26 Ağustos 2007 Pazar

barışa toz festivali

aslında gitmemle dönmem bir oldu diyebilirim. sahnede iki grup izledim izlemedim, kaçar adımlarla ilk gelen otobüse kendimi dar attım. barışarock festivali fikir olarak iyi, yer alan grupların müzikalitesi olarak çok çok iyi ve kuru bir müzik festivalinin ötesinde, anarşist bir ruha sahip olmasıyla, müziğin yanı sıra, stand up gösterileri, tartışmaları ve stk standları gibi bir sürü başka etkinliğiyle olağanüstü bir festival, ancak organizasyonun rezalet olduğunu söylemek zorundayım.
konser
alanları tozdan geçilmez bir haldeydi, üstüne üstlük yeni yetme ergenlerin zıplama ve birbiri üzerine düşme keyfi de üzerine eklenince ortalık savaş alanından farksız, göz gözü görmez bir hal almıştıki, göz ve ciğer sağlığım için ortamdan tepikledim.

sanırım onlar da
durumun farkındaydılar ki bir su tankeri yanaştı, toz ve güneşten felekleri şaşmış gençleri epey bir suladı.

o tozun içinde yoğrulduktan sonra hortum suyunun duşuyla aldıkları şekiller de ayrıca güzeldi elbette. ve galiba festivalin, benim yakalayabildiğim pozlar arasında en güzel fotoğraflarını vermiş oldular farketmeden.

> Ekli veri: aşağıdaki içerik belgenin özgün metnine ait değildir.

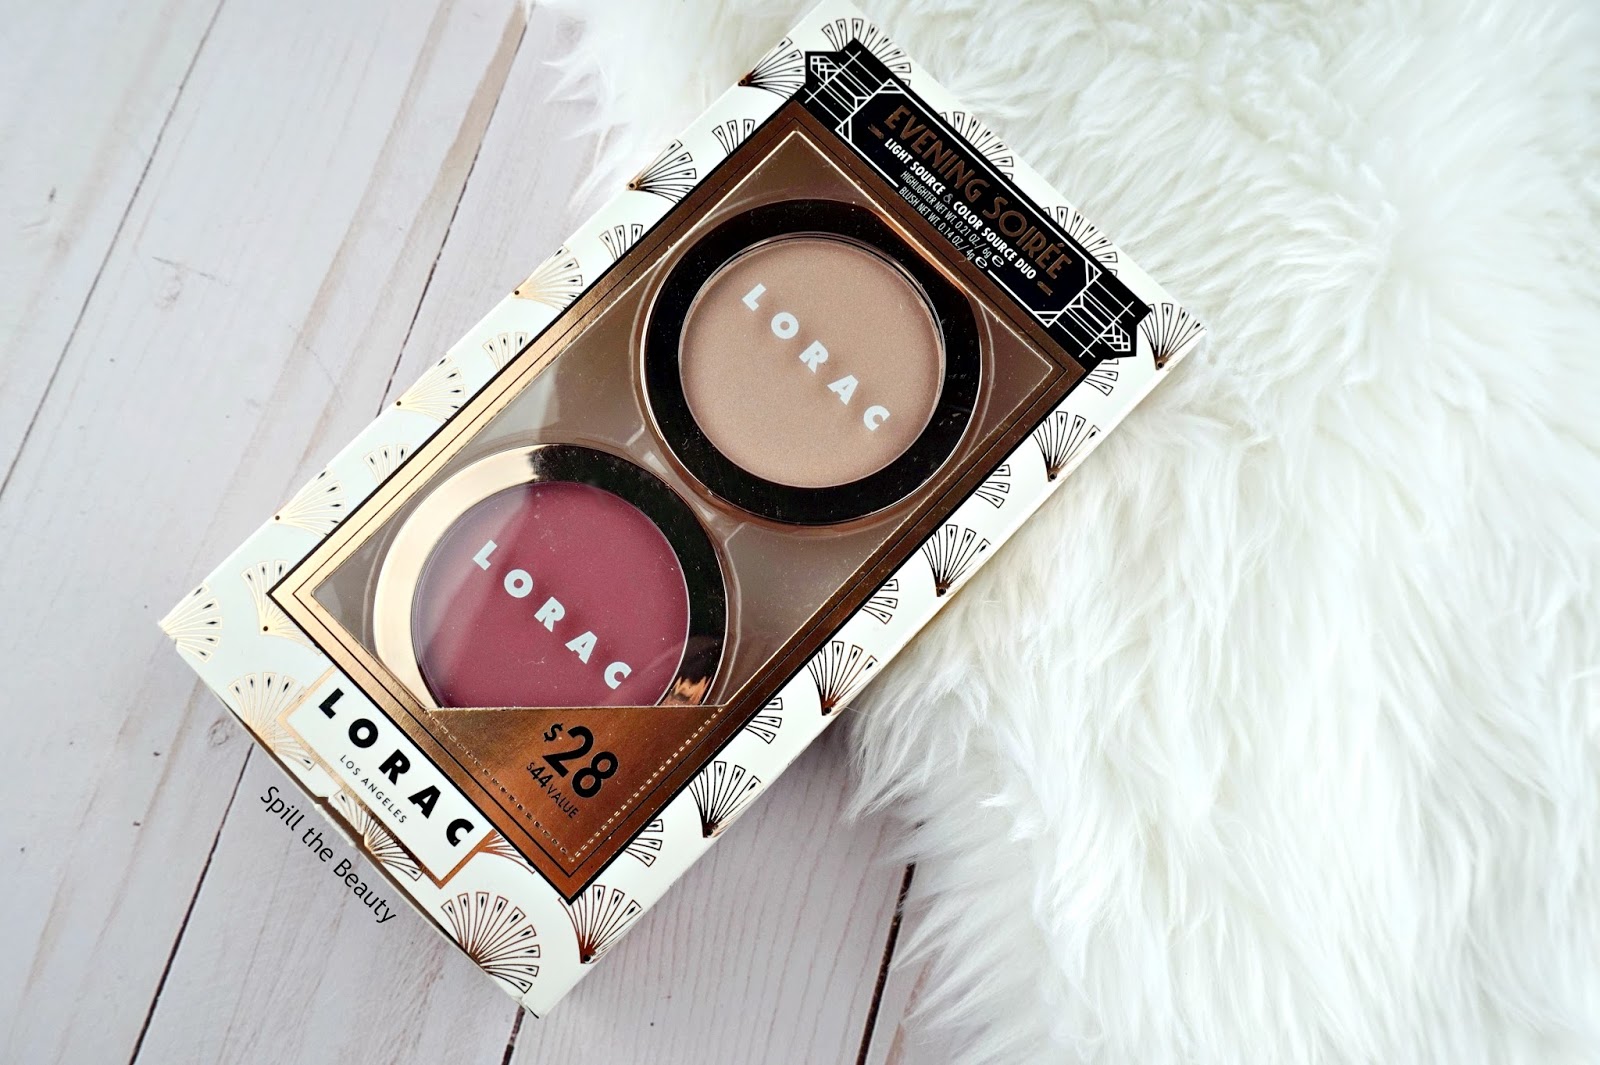 Lorac ‘Evening Soirée’ Light Source & Color Source Duo – Review, Swatches, and Look

festivalin ziyaretçileri arasında elbette ki sadece
insanlar yoktu. tozla iyice harmanlanmış, rengi tozgrisi ile çamurzerafeti arasında gidip gelen bu cici arkadaşlar da, diğer katılımcılardan edinecekleri artıklara, ki bu artıklar sadece gıdayı kapsamıyordu, sevgiyi de içeriyordu, razıyldılar! ancak enteresan olan, hiç birinin gereğinden fazla haşır neşir olmadan yanınızdan tüymeleriydi.
hele sonuncunun ön bacaklarına fazlaca uzun olan arka bacakları ile oluşturduğu o komik görüntüsüne hiç aldırış
etmeden etrafta kanguruları kıskandıracak bir çeviklikle zıplaması görülmeye değerdi.

müzik kısmına hiç değinmmediğimin ayırdındayım elbette. bunu nasılsa müzikle ilgilenen basın camiası yapacaktır düşüncesiyle, daha farklı bir açıdan yaklaşmak, oraya gitmemiş olanlar için başka bir pencere oluşturmaz mı? allahım ne de didaktik yaklaştım, ıyy diyorum kendime ve konuyu kapatıyorum izninizle.

en beğendiğim standa değinmeden geçmek bana
yakışmaz: ar damarı losyonlarının ve cocacola şişelerinden imal 'nükleer başlıklı' füzelerinin yer aldığı "hayat bayram olsa ürün sergisi" mevcut tüm sosyal yanlışları sergilediği anti duruşuyla bence festivalin de özetini veriyor gibiydi. diğer stk'ların hakkını yememek lazım, hepsi canhıraş bir uğraşın içindeydi, kimi kefene sarılı bir arkadaşlarını sergileyip bağırış çağırış gürültü kirliliği arz ederken, kimi ise insanları kitap olarak pazarlayıp (cidden sıra dışı bir yaklaşım, meraklısı yaşayan kütüpane'ye baksın), gelenlerin kültürünü arttırmak çabasındaydı. ama beni yine de en çok bu yukarıda bahsettiğim sergi vurdu.

başka tadları da yabana atmamak lazım. mesela minicik uçurtmasını uçurmaya çabalayan sakallı amca ile akrobasileri ile ilgi odağı olmaya çabalayan (ve hakkıyla da başaran) gençleri belirtmemek ayıp olurdu.
diğer yandan özellikle fotoğraflamayı redettiğim çöp yığınları, ne kadar anarşist, ne kadar çevreci, ne kadar ne olursa olsun, her etkinliğin devasa bir tüketimden başka bir şey olmadığını da anımsatmaktan geri kalmadı.
galiba, (ve içimi burkan da bu) nihayetinde tek gerçek ve somut veri olarak bu çöpler kalıyor geriye!